> [Problem to solve]:
What is needed is an exact repeat of the lines from the one holding "halogenoalkane hydrolysis and" through the final line of the data, with no pictures.

> [Information given]:
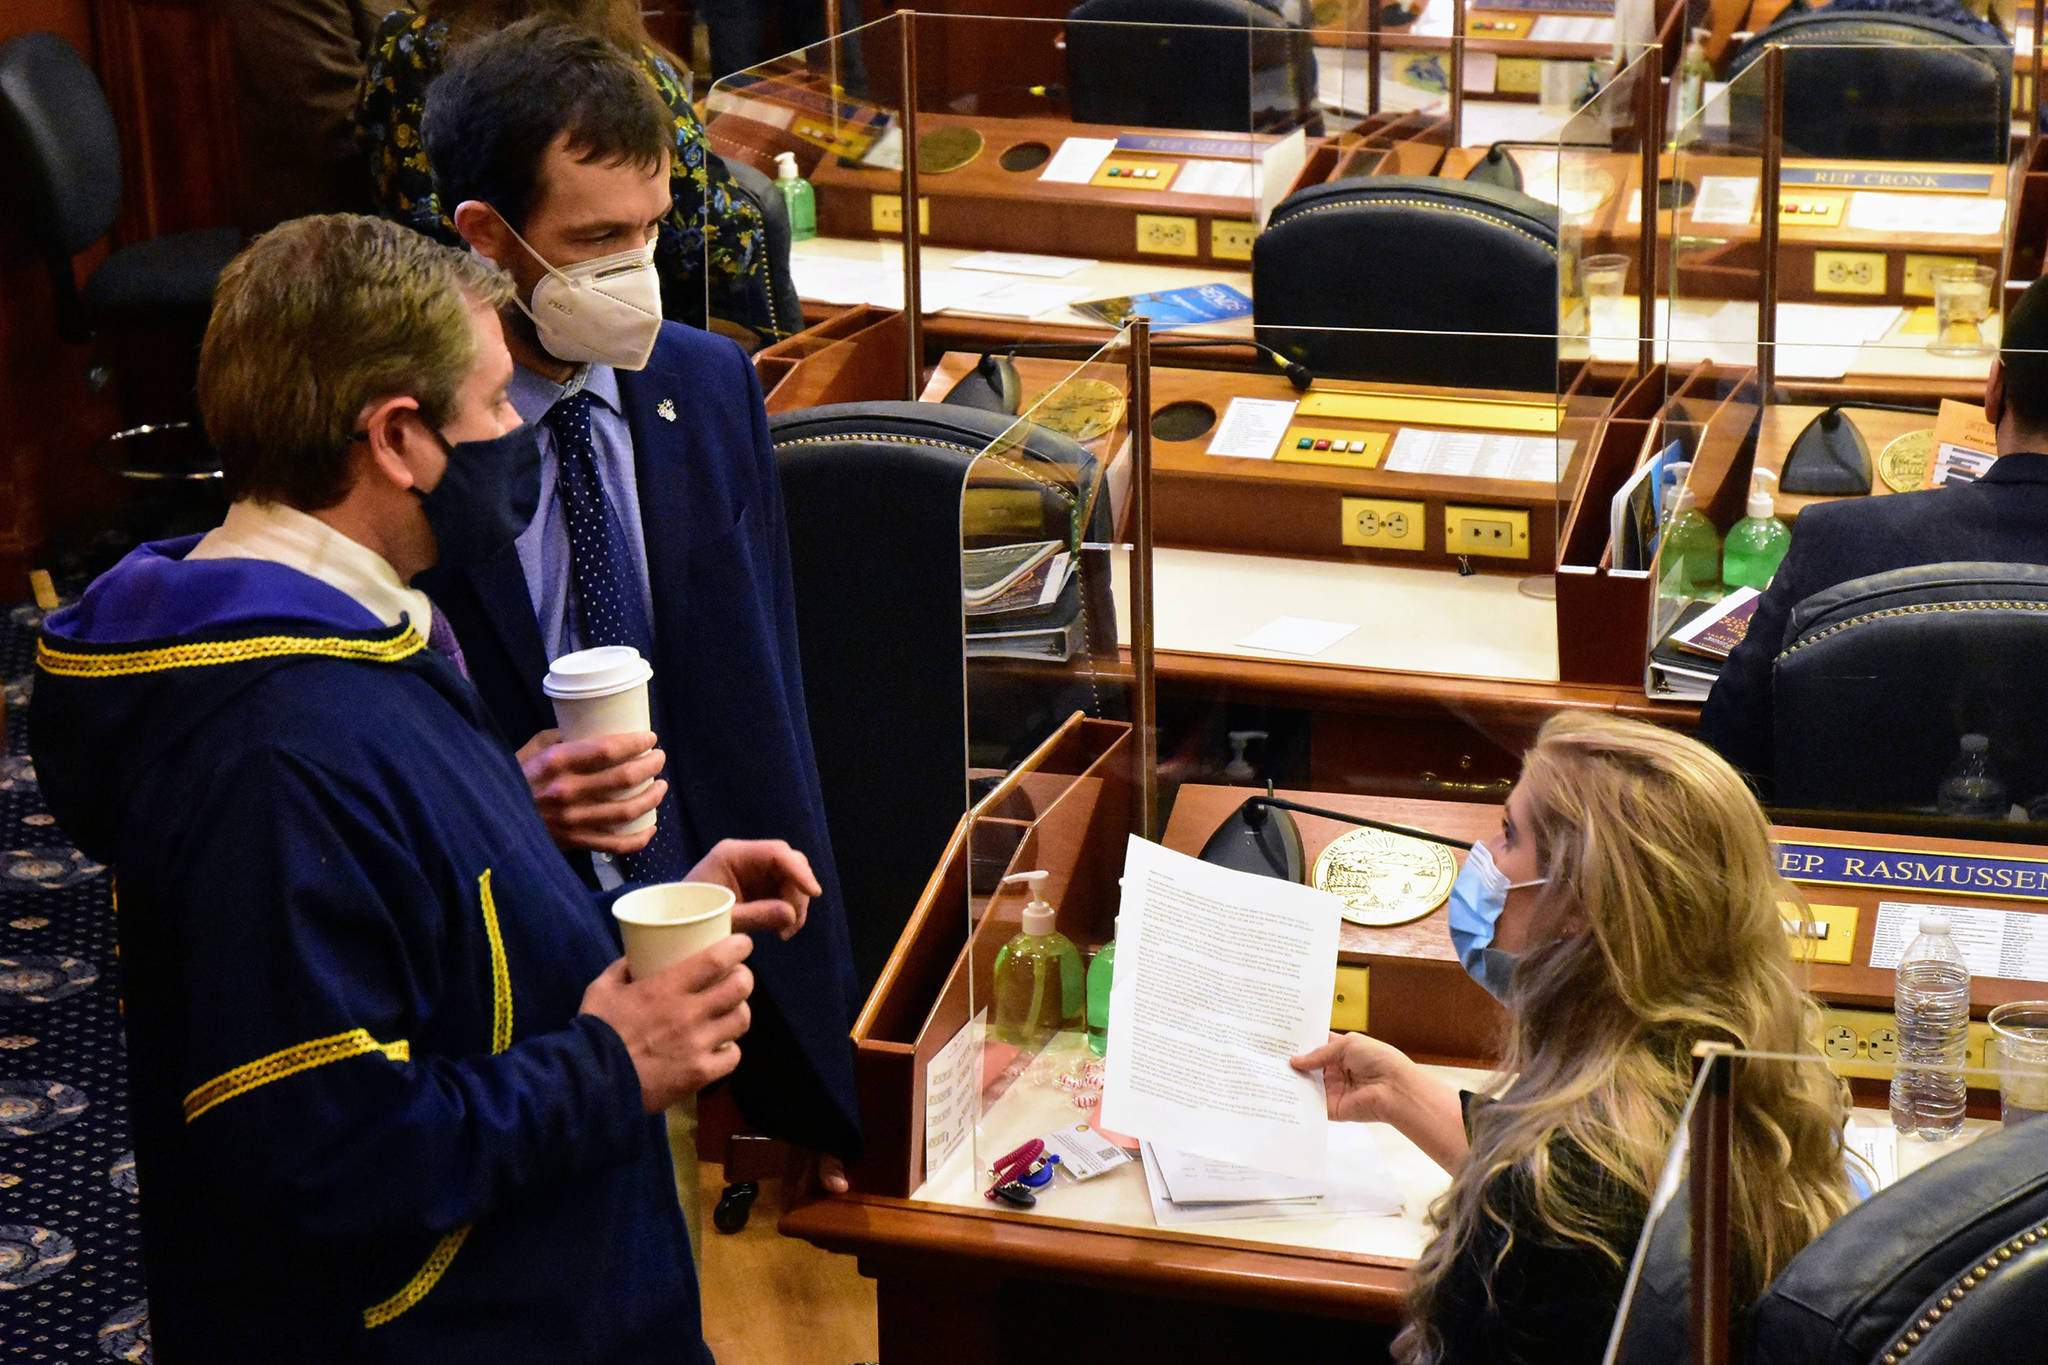 From left to right: Alaska state Reps. Chris Tuck, D-Anchorage, Zack Fields, D-Anchorage, and Sara Rasmussen, R-Anchorage, speak on the Alaska House floor on Friday, March 5, 2021. The House passed a Sense of the House on Friday, condemning as inappropriate and objectifying comments Fields had made toward Rasmussen last month. (Peter Segall / Juneau Empire)
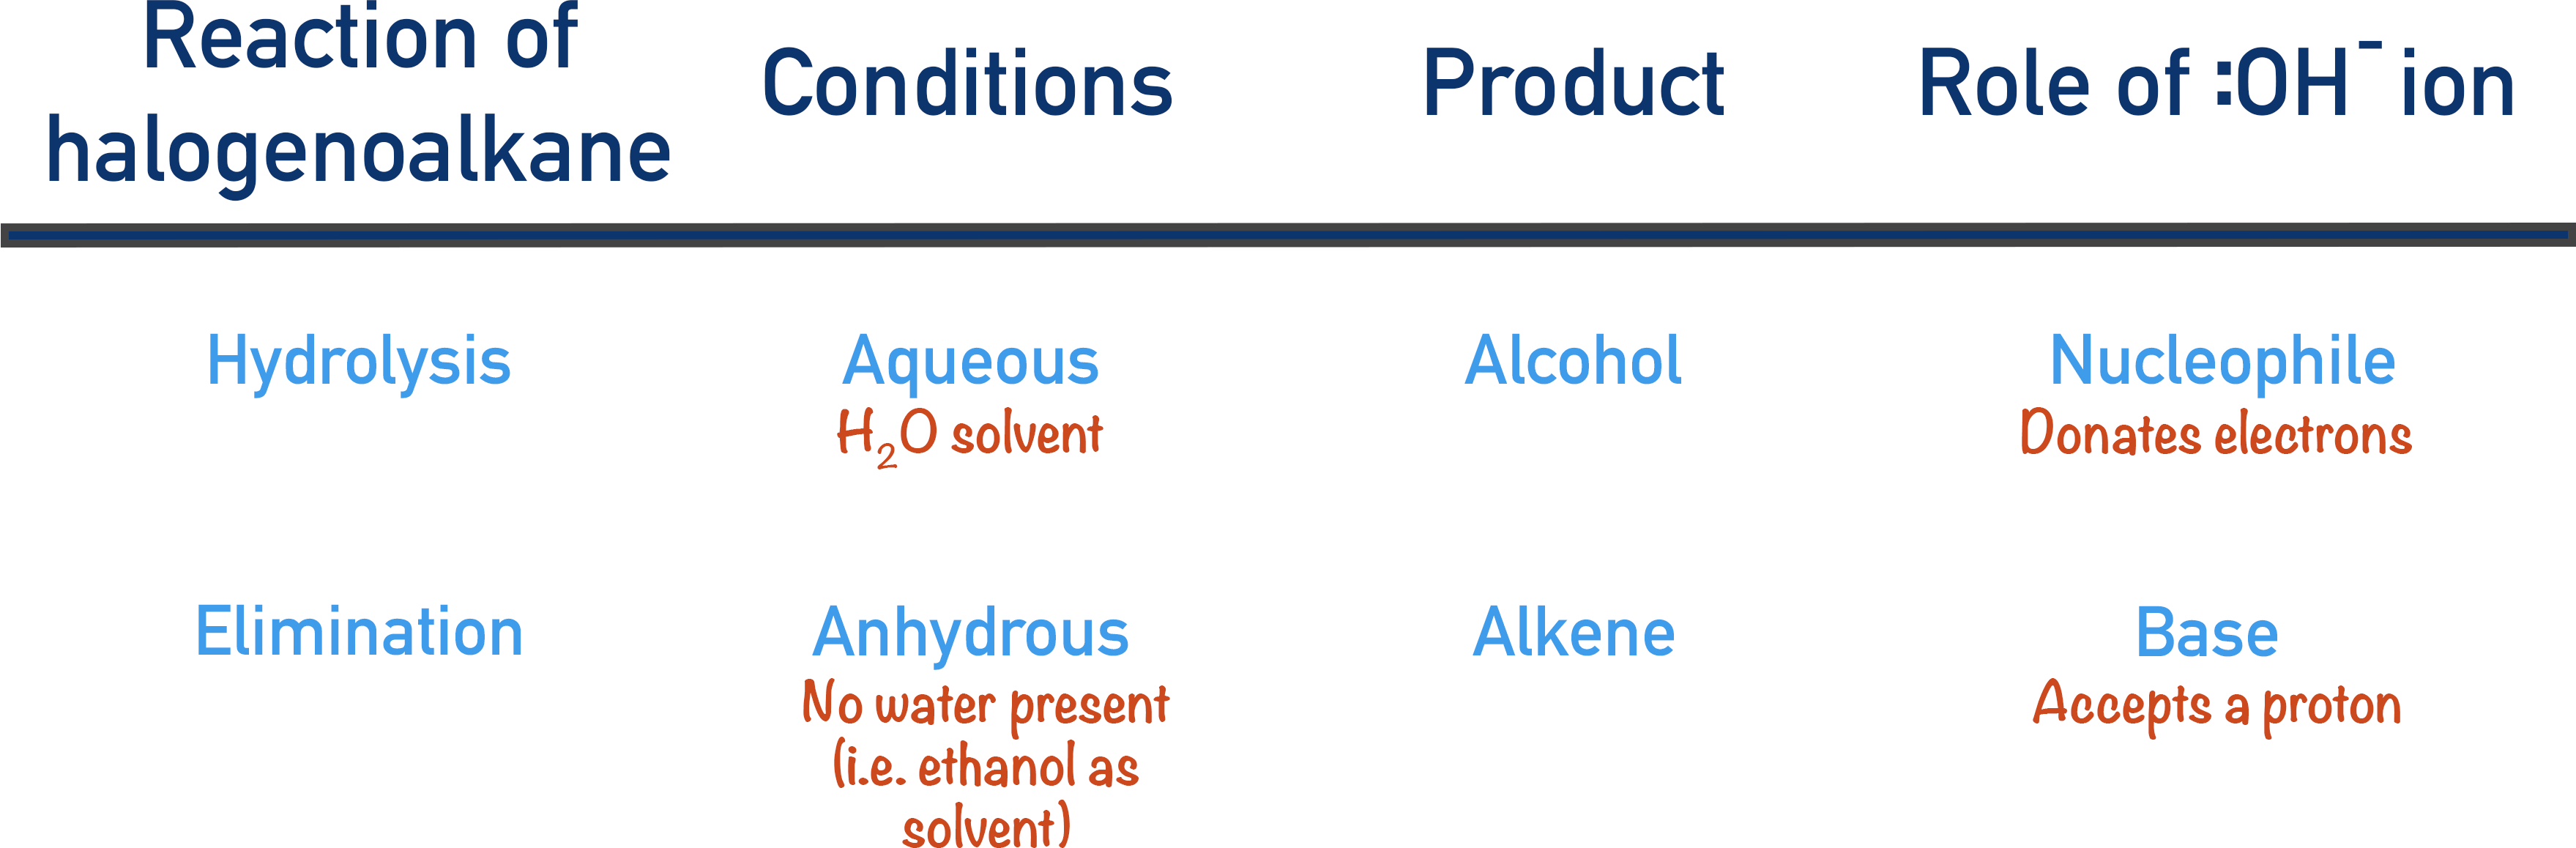 halogenoalkane hydrolysis and elimination reaction conditions reagents
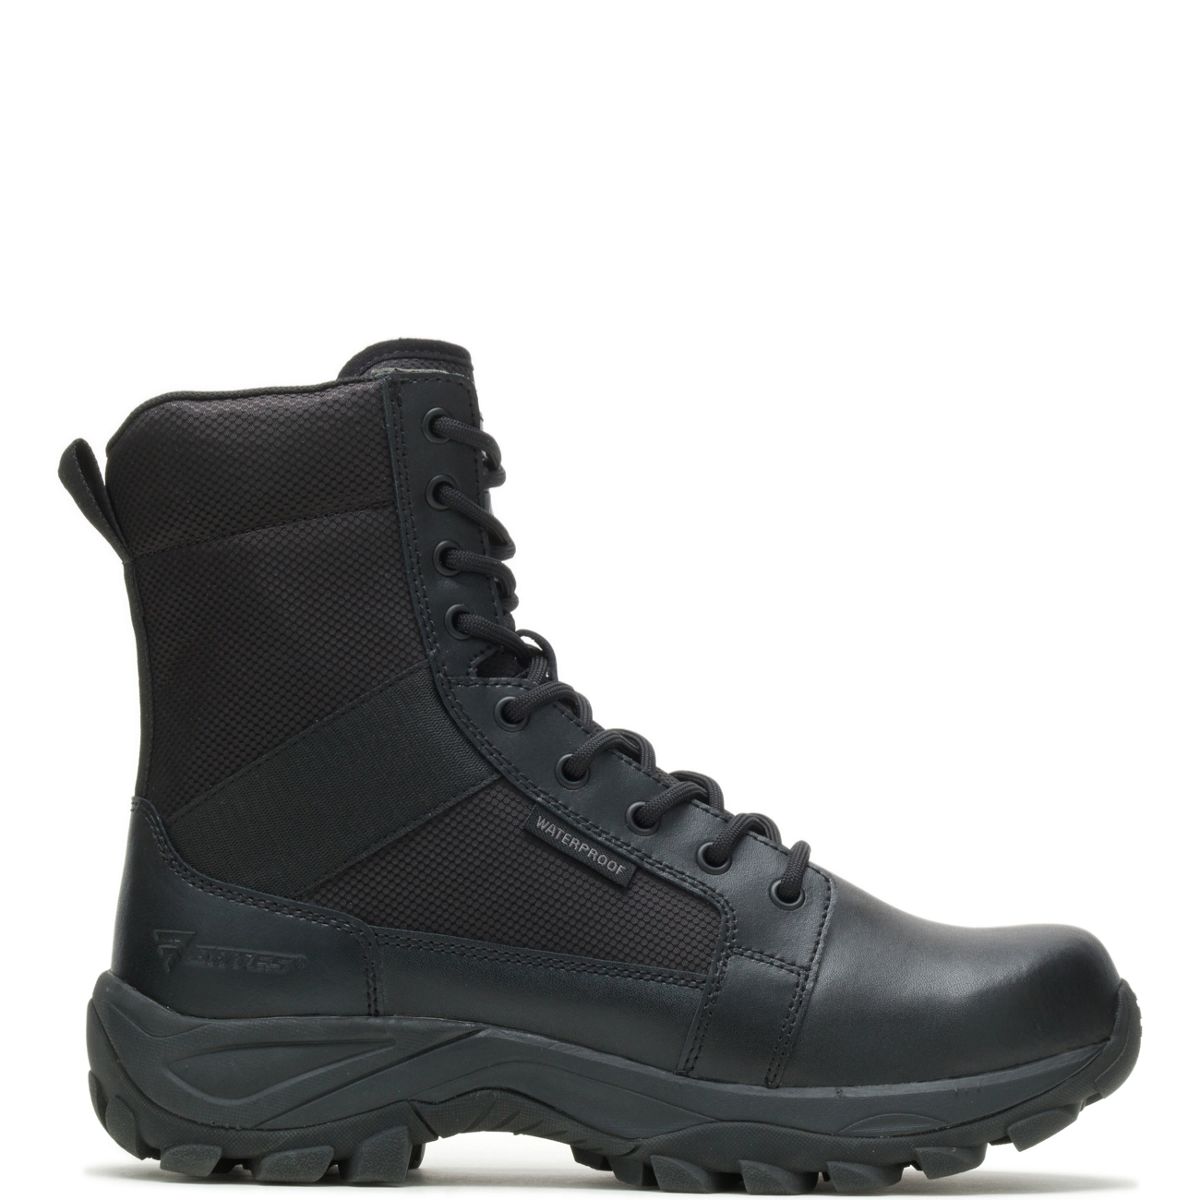 Under Armour Men's Tactical Boots as low as $54 shipped!
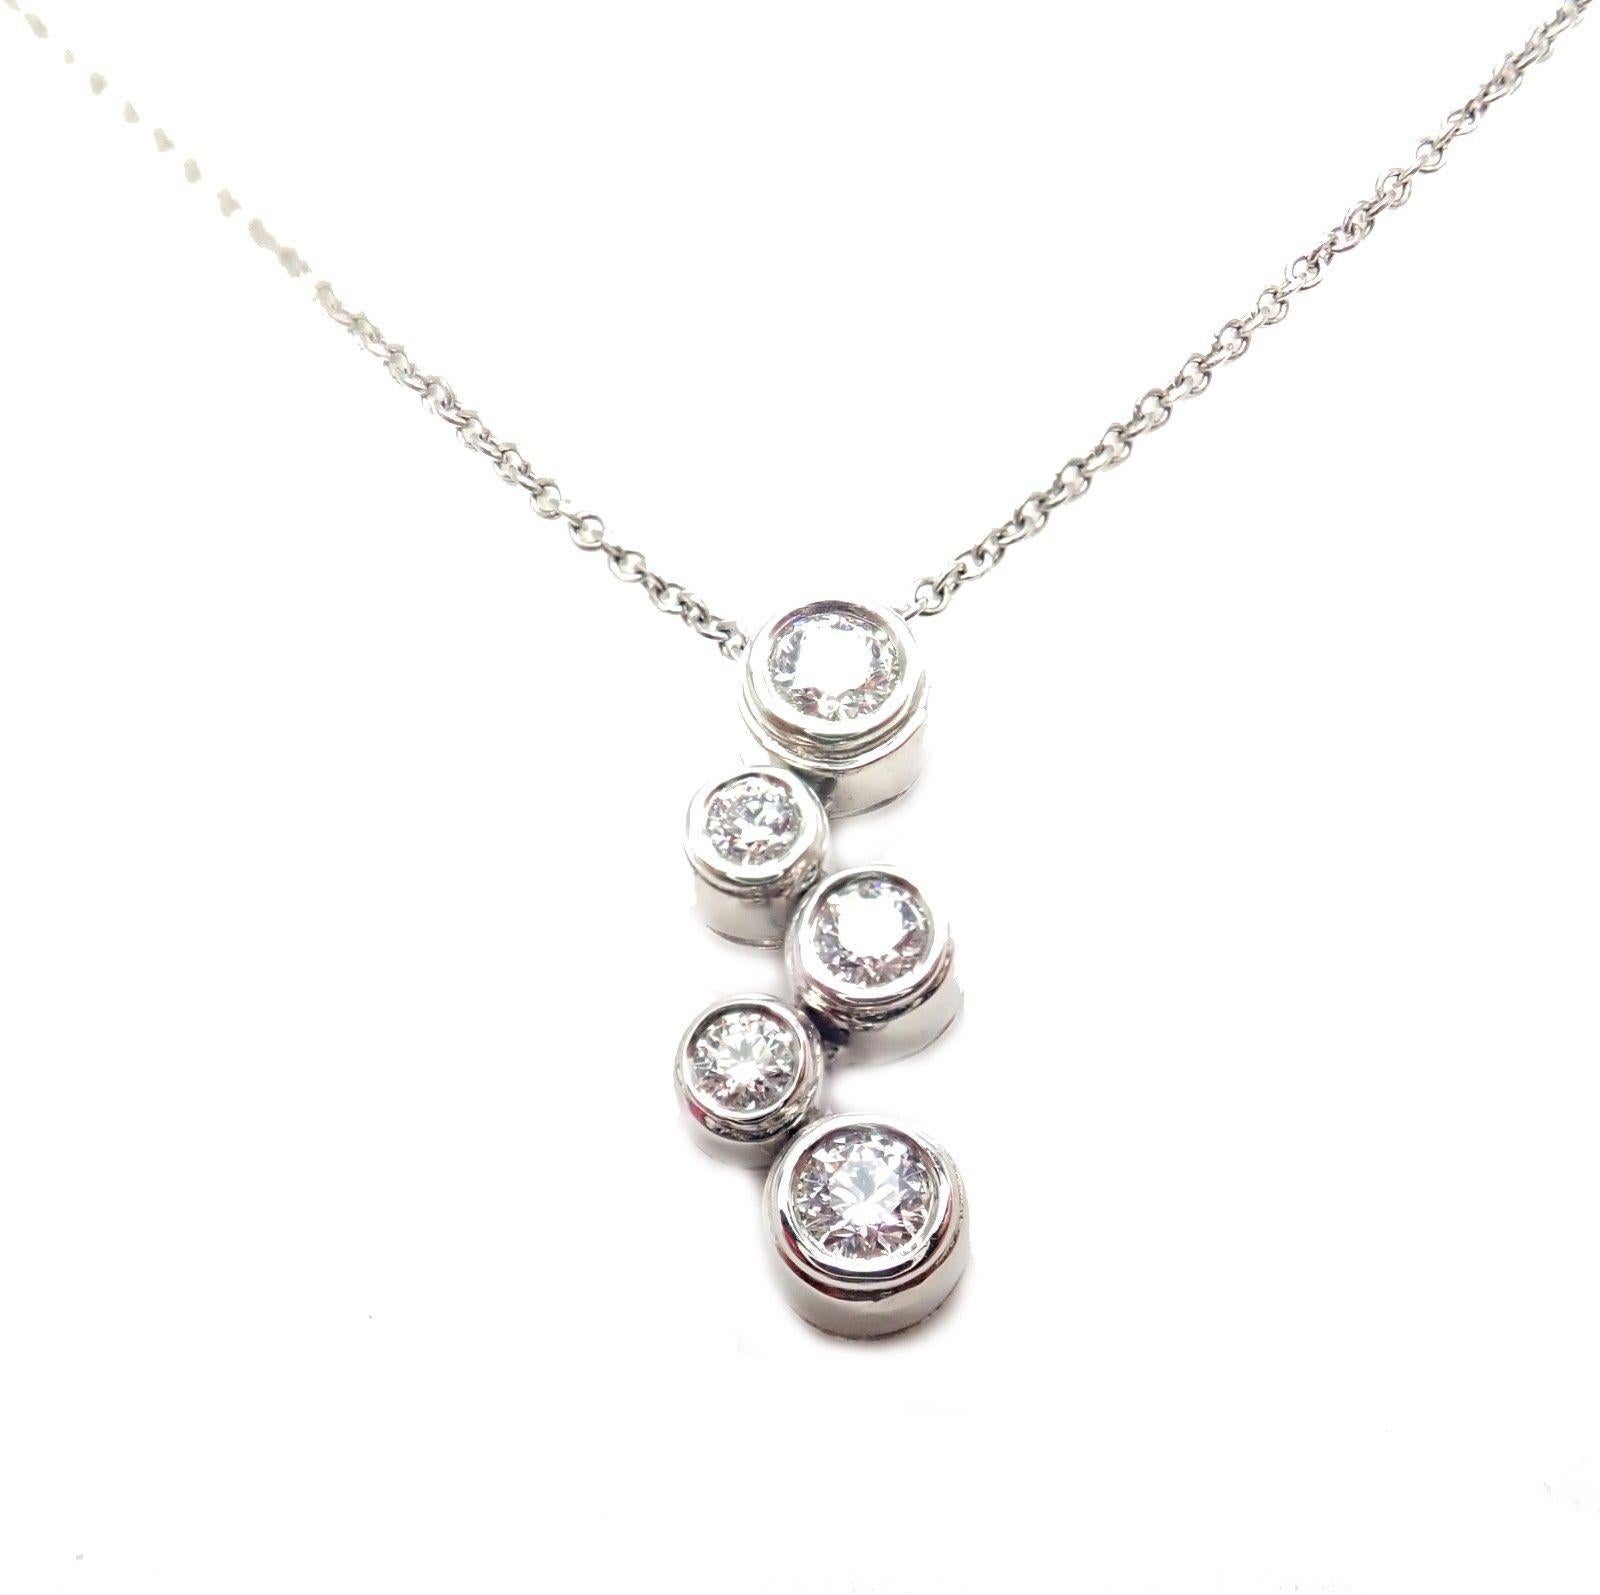 Platinum Diamond Bubbles Pendant Necklace by Tiffany & Co. 
With 5x diamonds VS1 clarity, G color total weight approx. .50ctw
This necklace comes with Tiffany & Co box and a pouch.
Details: 
Measurements: Chain Length: 16

> [Answer for this exercise]:
 halogenoalkane hydrolysis and elimination reaction conditions reagents
 Under Armour Men's Tactical Boots as low as $54 shipped!
 Platinum Diamond Bubbles Pendant Necklace by Tiffany & Co. 
With 5x diamonds VS1 clarity, G color total weight approx. .50ctw
This necklace comes with Tiffany & Co box and a pouch.
Details: 
Measurements: Chain Length: 16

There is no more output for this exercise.